JenClare B. Gawaran
The pursuit to understand my cultural identity is perpetual. The more I learn about my place between Western and Eastern cultures, the more questions I continue to search answers for. As a Filipino-American born and raised in the Midwest, my work is the result of my research to understand how these cultures have shaped the person I am today. In recent years, my work has focused on general stereotypes and expectations of me: as an Asian, a Filipina, an American and a female. I explore how I either conform to or defy these ideas. In effort to confront these stereotypes and expectations, my work resulted in imagery that was satirical and ironic.
My search for cultural identity remains a constant in my work, but recently, I have been introducing several influences which are more specific to this current stage in my life. I’ve focused very much on my current and past relationships. Choices I’ve made, whether of my own will or molded from expectations of others, have impacted these relationships. In turn, they have affected who I am now. It is not my intention to dwell on these choices, since they are said and done, and now I am bound by them. I feel creating these pieces are a way to both mourn my past relationships and celebrate new ones.

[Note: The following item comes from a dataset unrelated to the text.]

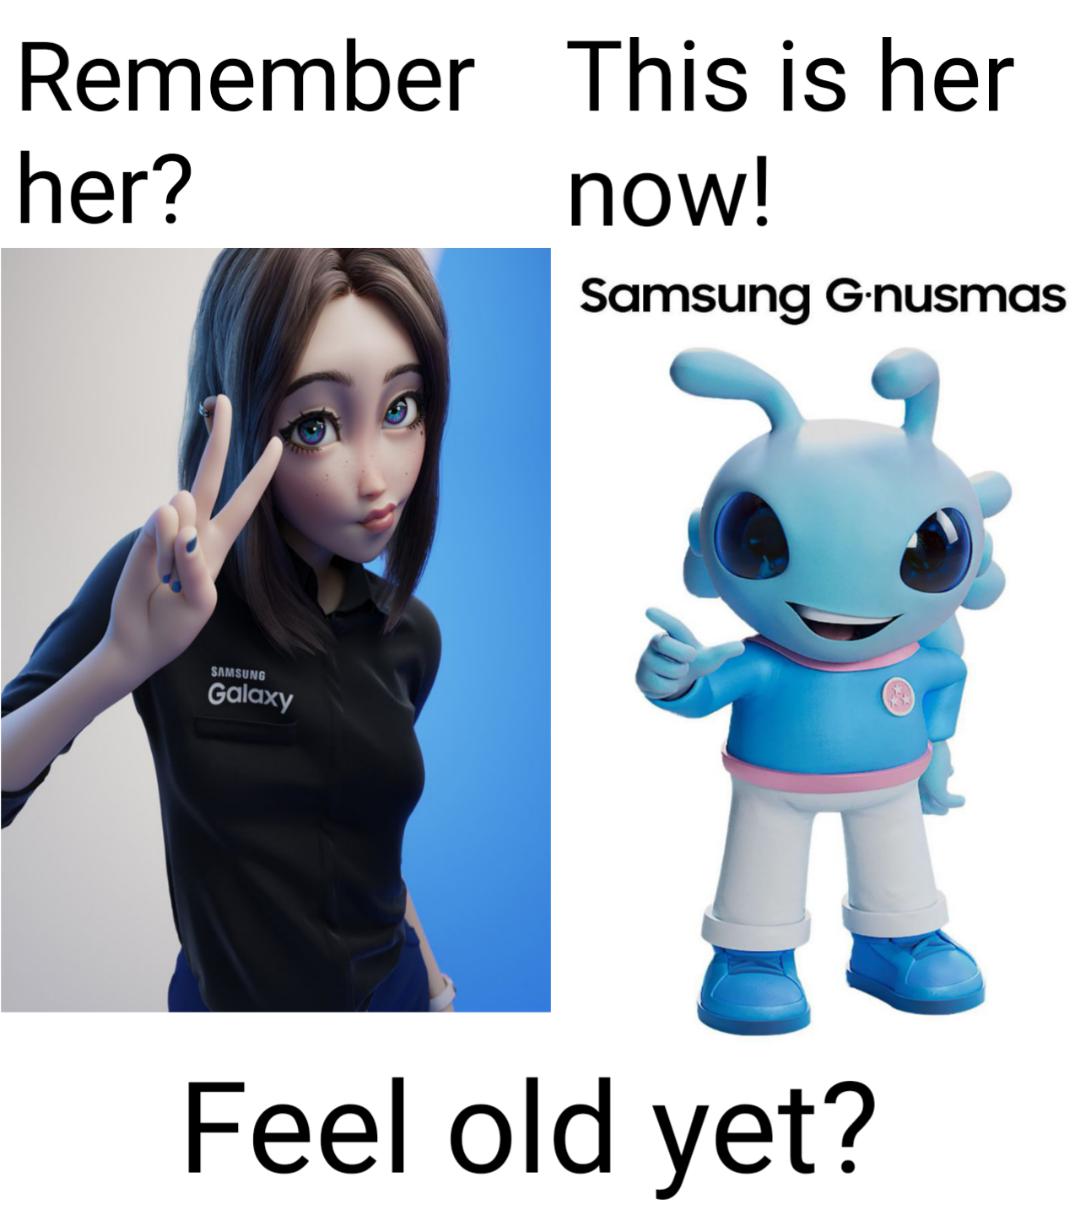 dank memes and pics - samsungs new mascot - Remember her? Sansing Galaxy This is her now! Samsung Gnusmas Feel old yet?

Culture and relationships, though dominant ideas in my work, are not the only influences here. Various little infatuations often infiltrate my thoughts: language and communication, letter-forms and typography, even vague childhood memories of an endless array of Merry Melodies. Naturally, all these manage to surface into my imagery. Some of these ideas help me further reflect on my background, while others are downright silly. In either case, I welcome these additions to my work, as they represent different facets of my character.